Work to complete
Give the listing again word for word, excluding the pictures it contains.

Recorded data

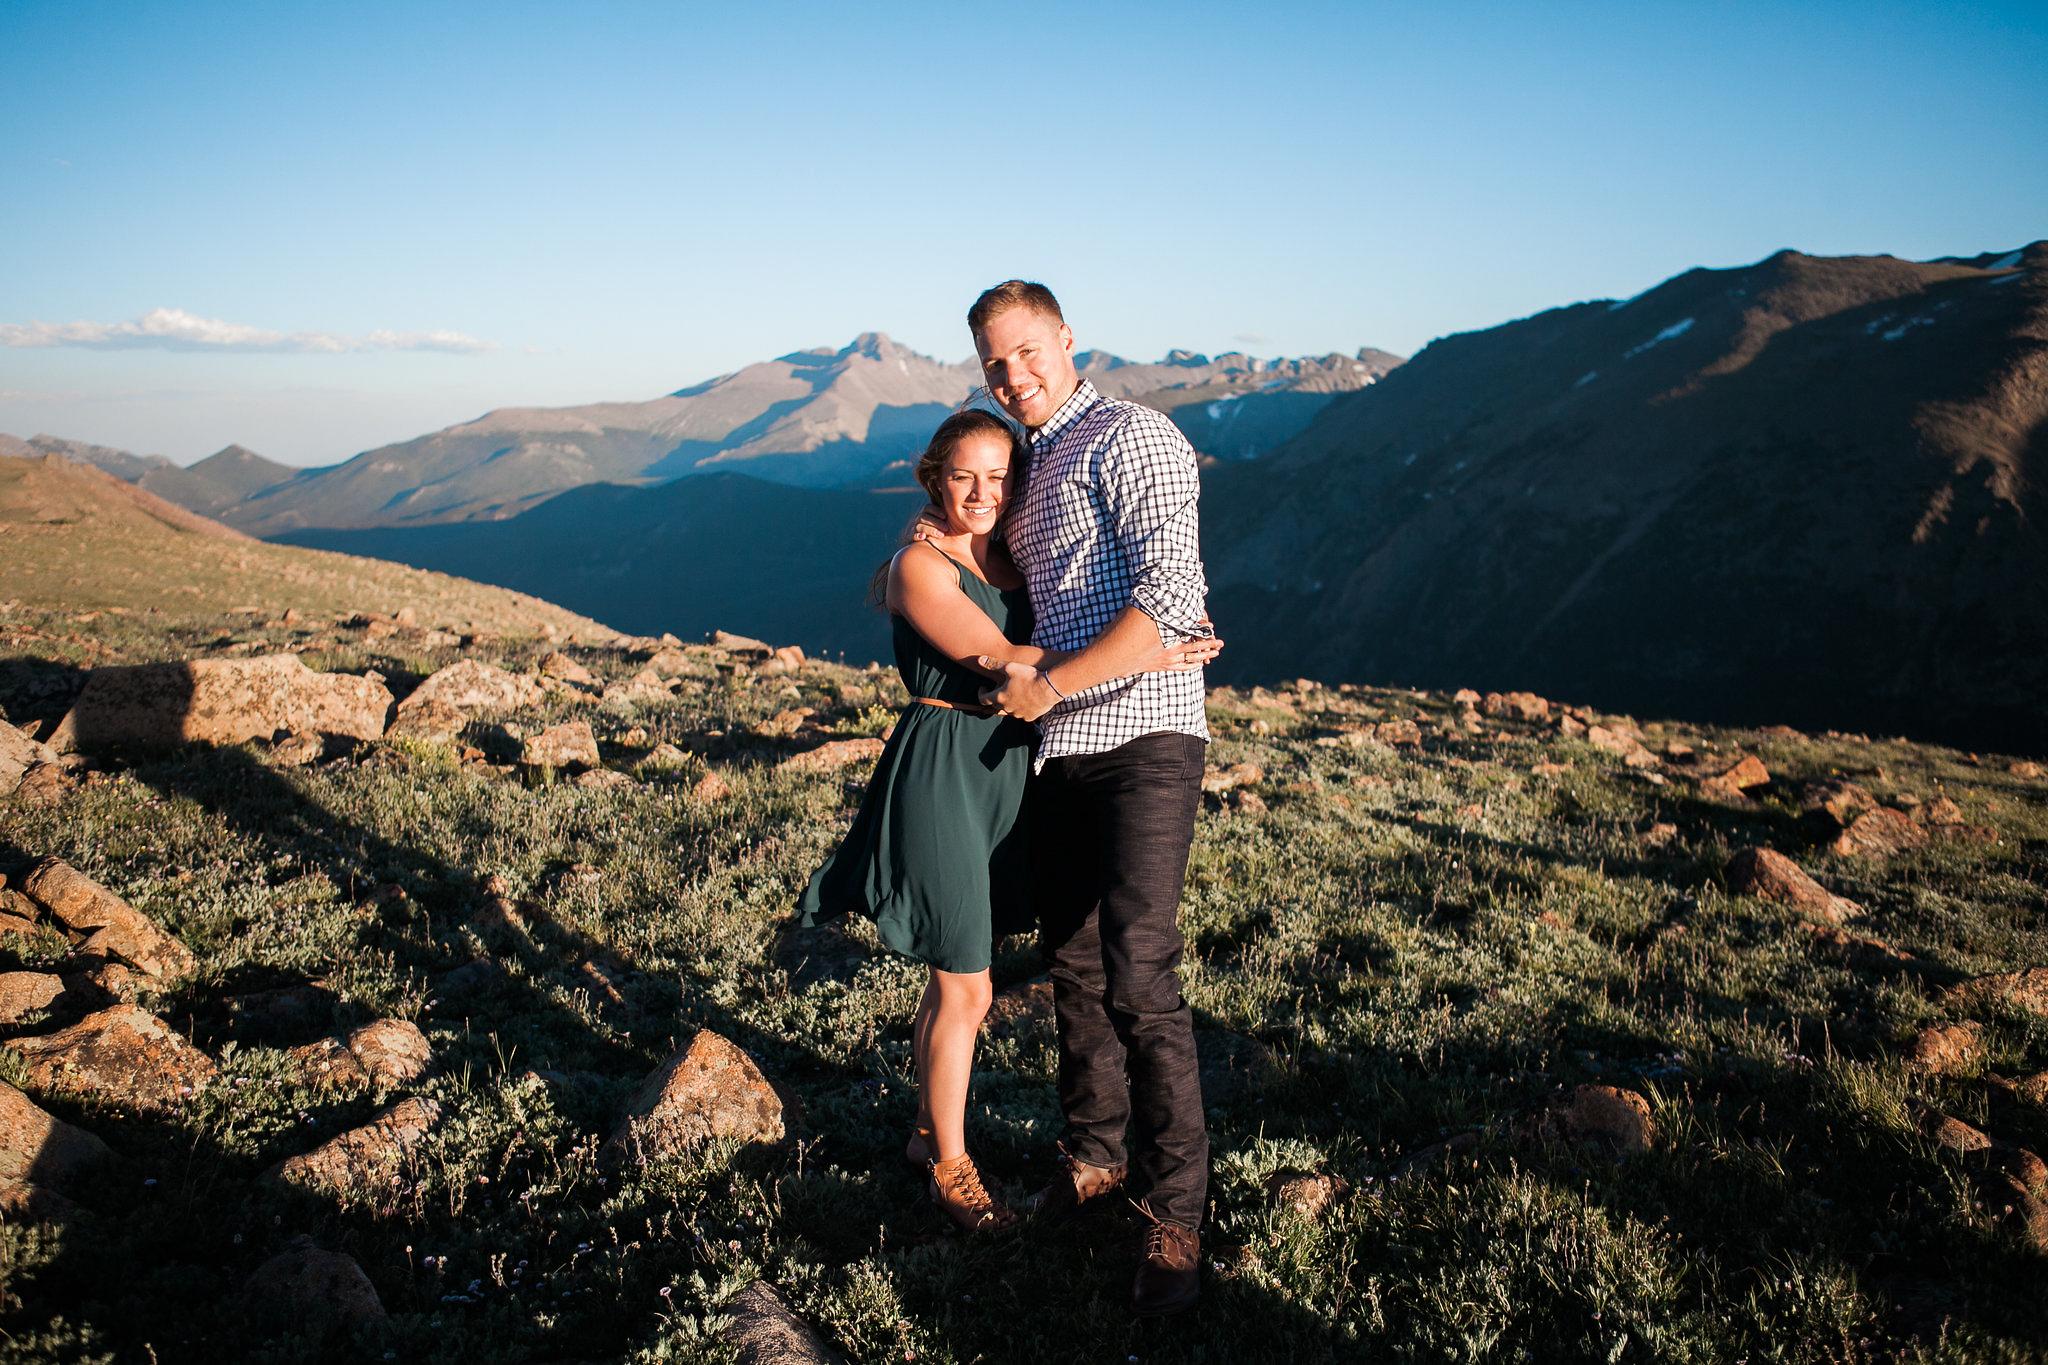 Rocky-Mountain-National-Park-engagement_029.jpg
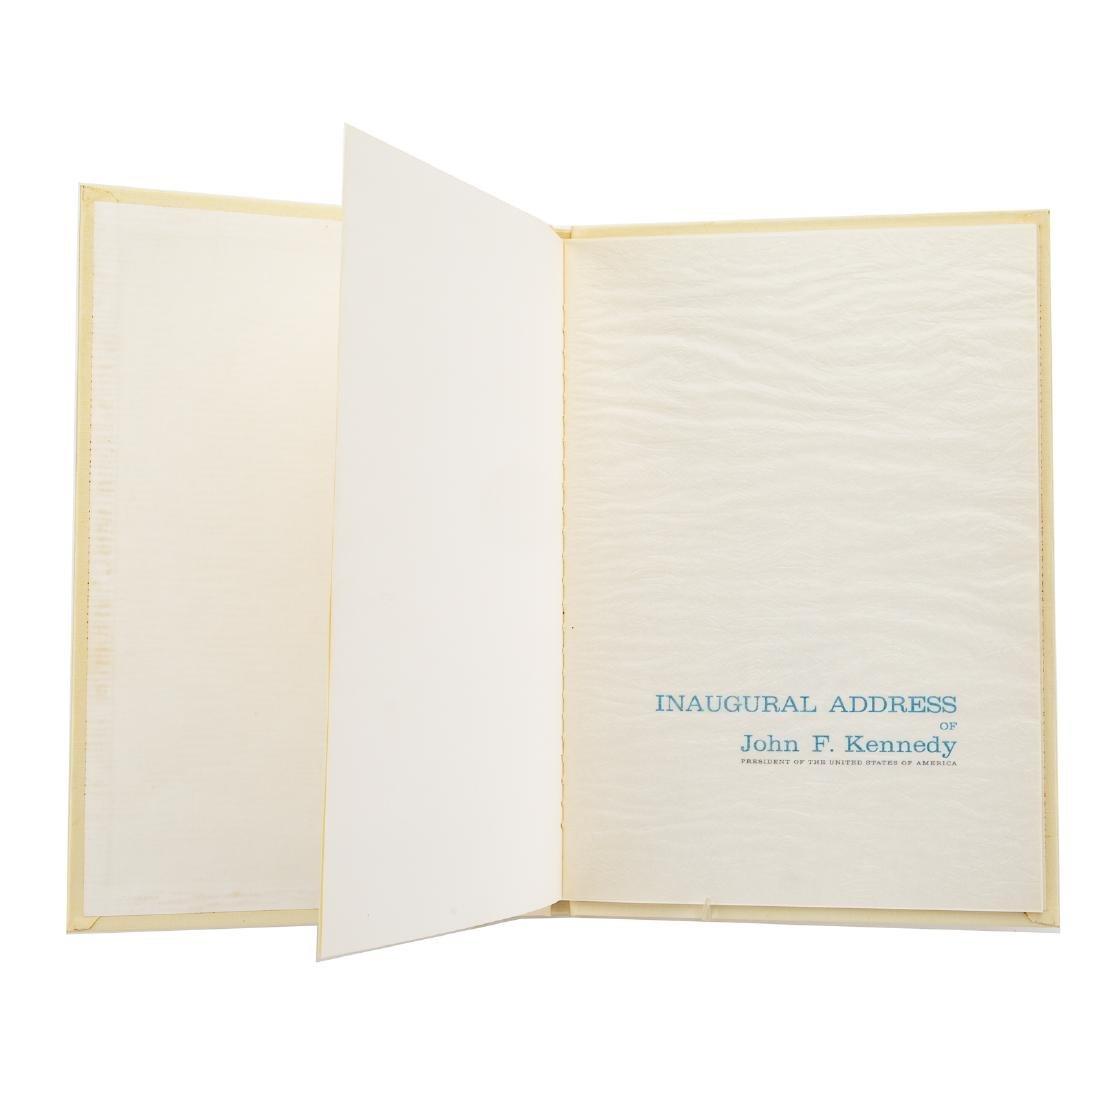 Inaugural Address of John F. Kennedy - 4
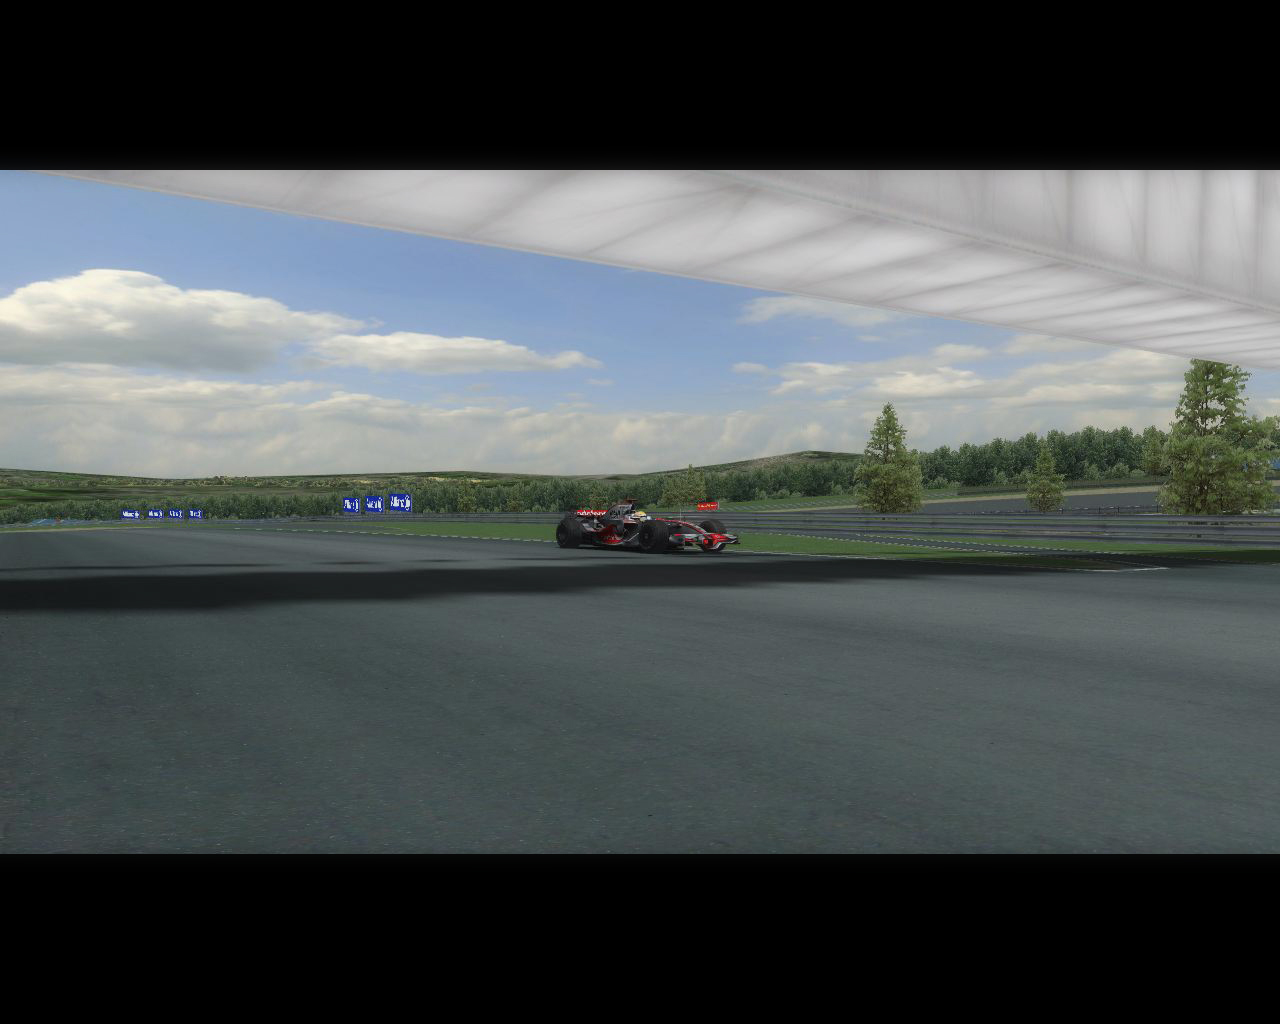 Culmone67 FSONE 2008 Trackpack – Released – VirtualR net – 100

Response to this exercise
 Rocky-Mountain-National-Park-engagement_029.jpg
 Inaugural Address of John F. Kennedy - 4
 Culmone67 FSONE 2008 Trackpack – Released – VirtualR net – 100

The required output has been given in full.